AI vs. BI-RADS density category for predicting future breast cancer

The P values between the DL, BI-RADS, and combined model’s ability to detect screen and interval cancer were .99, .002, and .03, respectively.

Takeaway

The good news is that the extra signal from AI provided a better risk estimate for screening-detected cancer. This enabled researchers to achieve their goal of classifying women into low risk or high risk of screening-detected breast cancer. Rather than just relying on breast density to guide management decisions and advising women to return next year for another screening, the researchers suggest that practices could use the AI model to categorize women with a negative screening into one of three risk pathways—low risk of breast cancer, elevated screening-detected risk, or elevated interval invasive cancer risk—for the next three years.

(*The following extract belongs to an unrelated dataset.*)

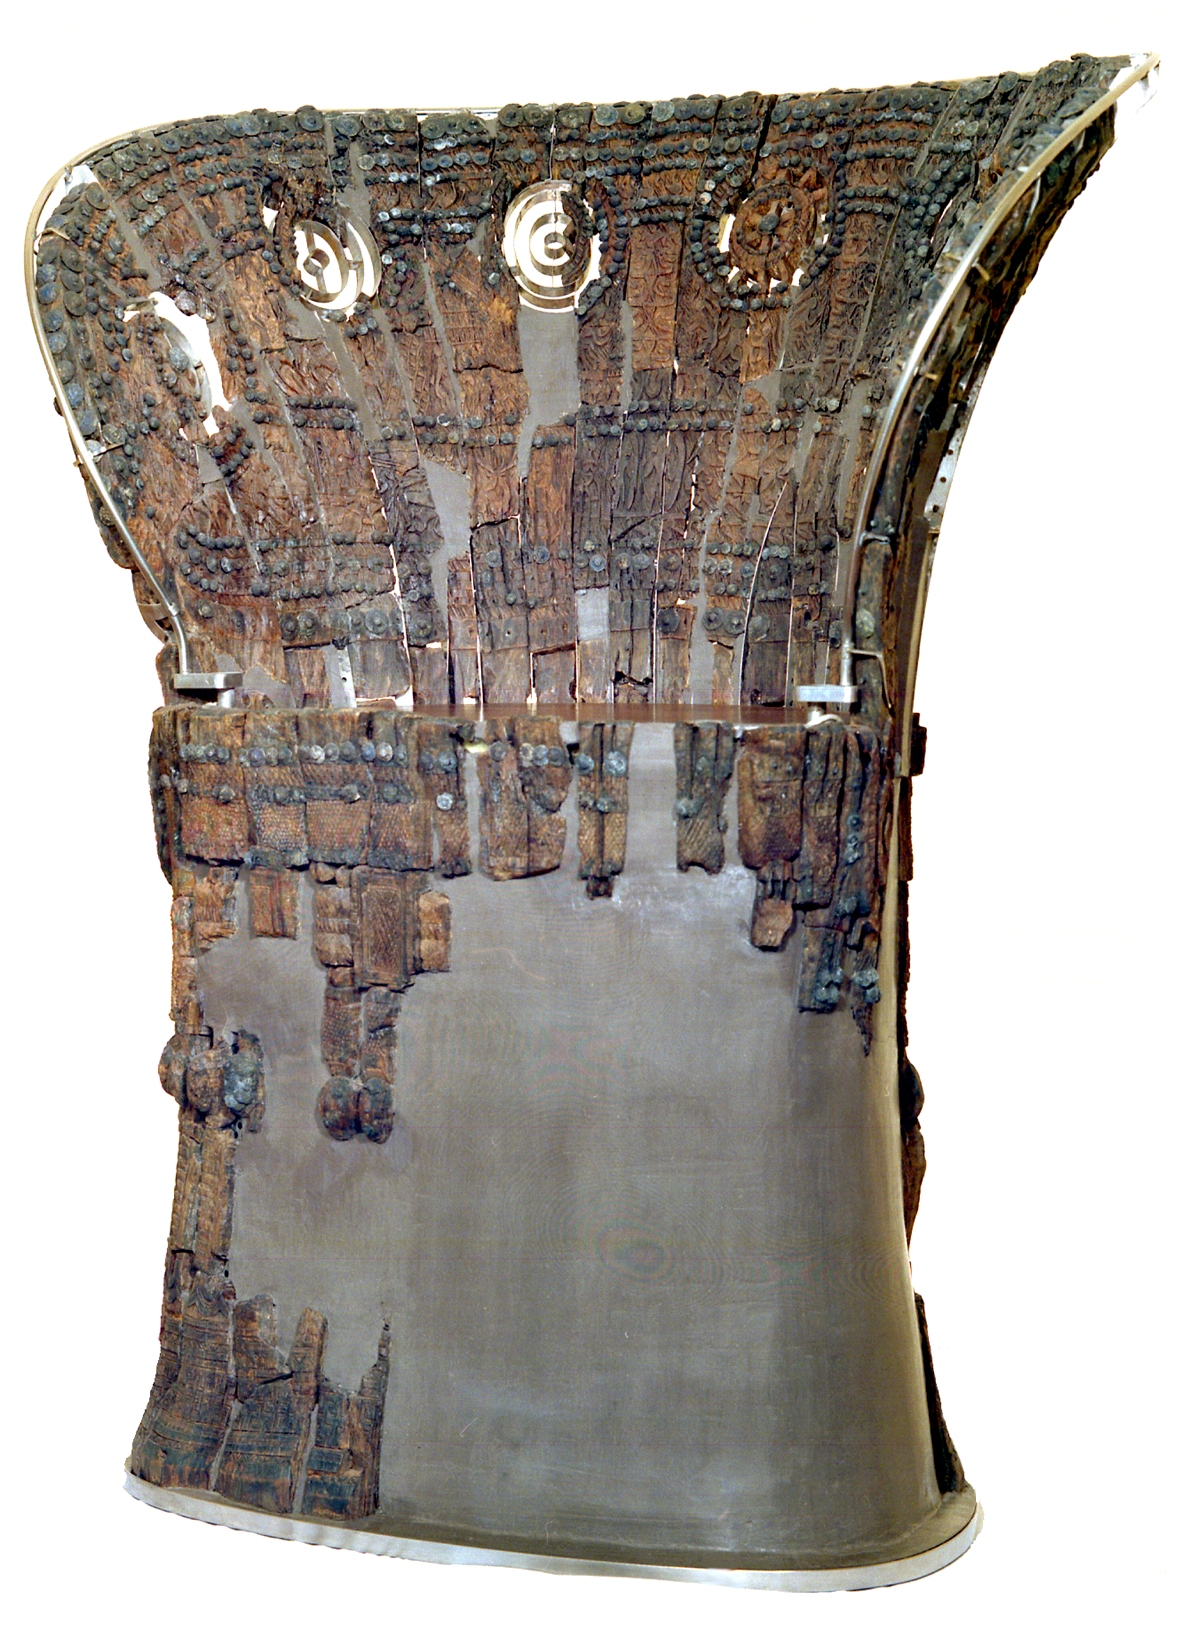 Il trono esposto nel Museo Civico Archeologico di Verucchio (sar in mostra una riproduzione)
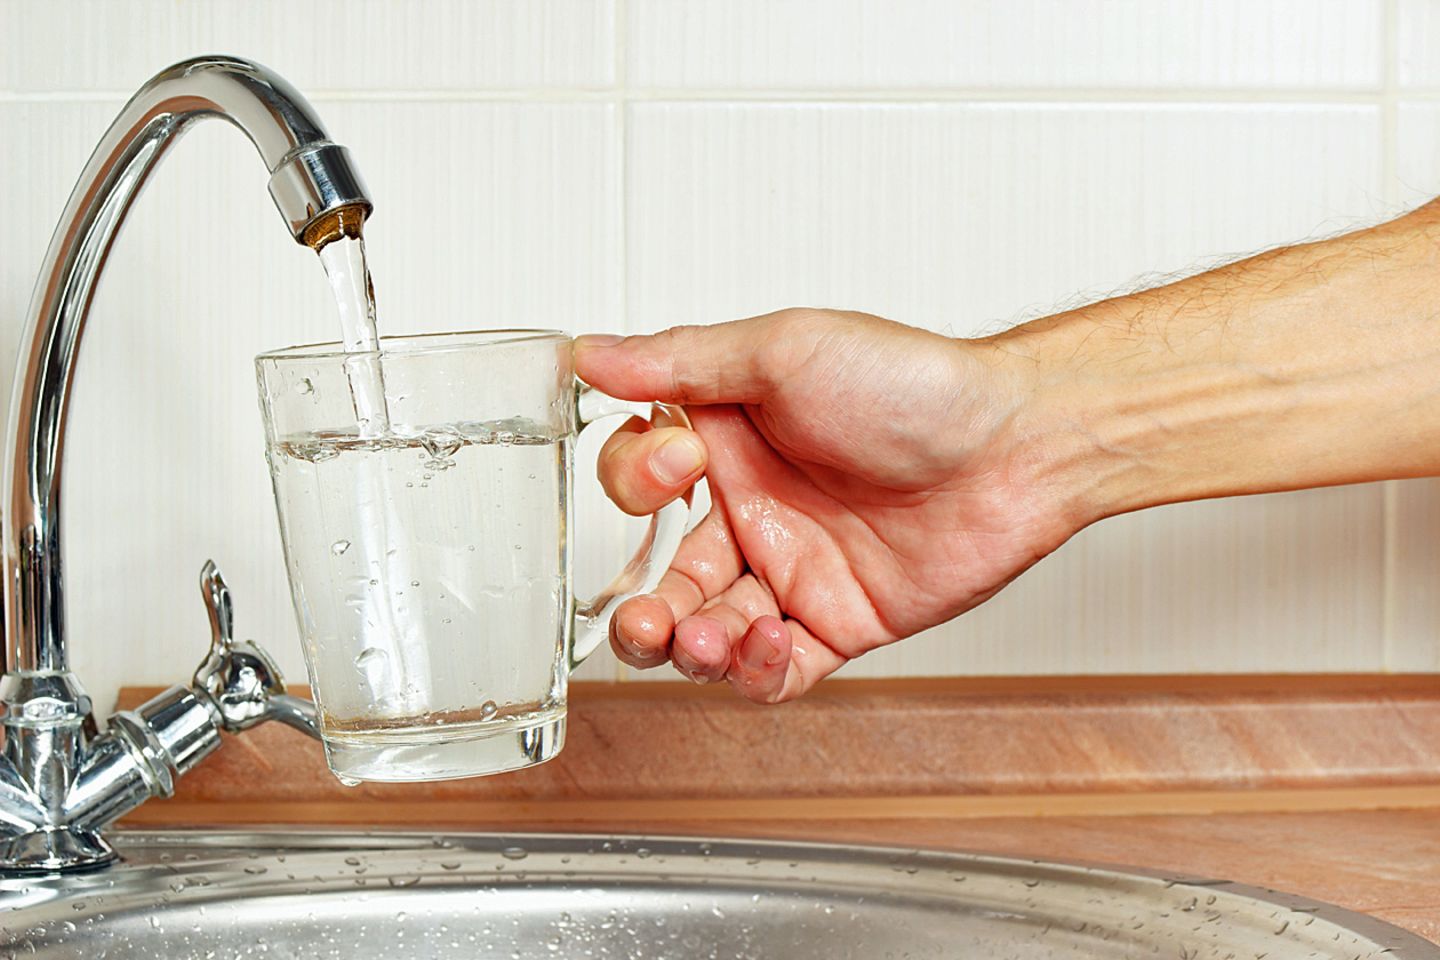 В чайник налили 3 литра холодной воды. Вода из под крана. Вода из крана в стакан. Наливает воду. Воду наливают в стакан.

“This would allow us to use a woman’s individual risk to determine how frequently she should be monitored,” Shepherd noted. “Lower-risk women might not need to be monitored with mammography as often as those with a high risk of breast cancer.”

The algorithm could also be used to categorize mammograms and decide when to utilize additional imaging modalities. Thus, for example, supplemental MRI, ultrasound, and molecular imaging might be of benefit to women in the high-risk group who have dense breasts and have a higher risk for interval cancers.
“As each individual woman has a different risk for breast cancer, it is possible that women should have personalized screening intervals and tailored options for supplemental screening,” according to one of the study authors.

The bad news is that the AI algorithm did not do as well in predicting interval cancer cases.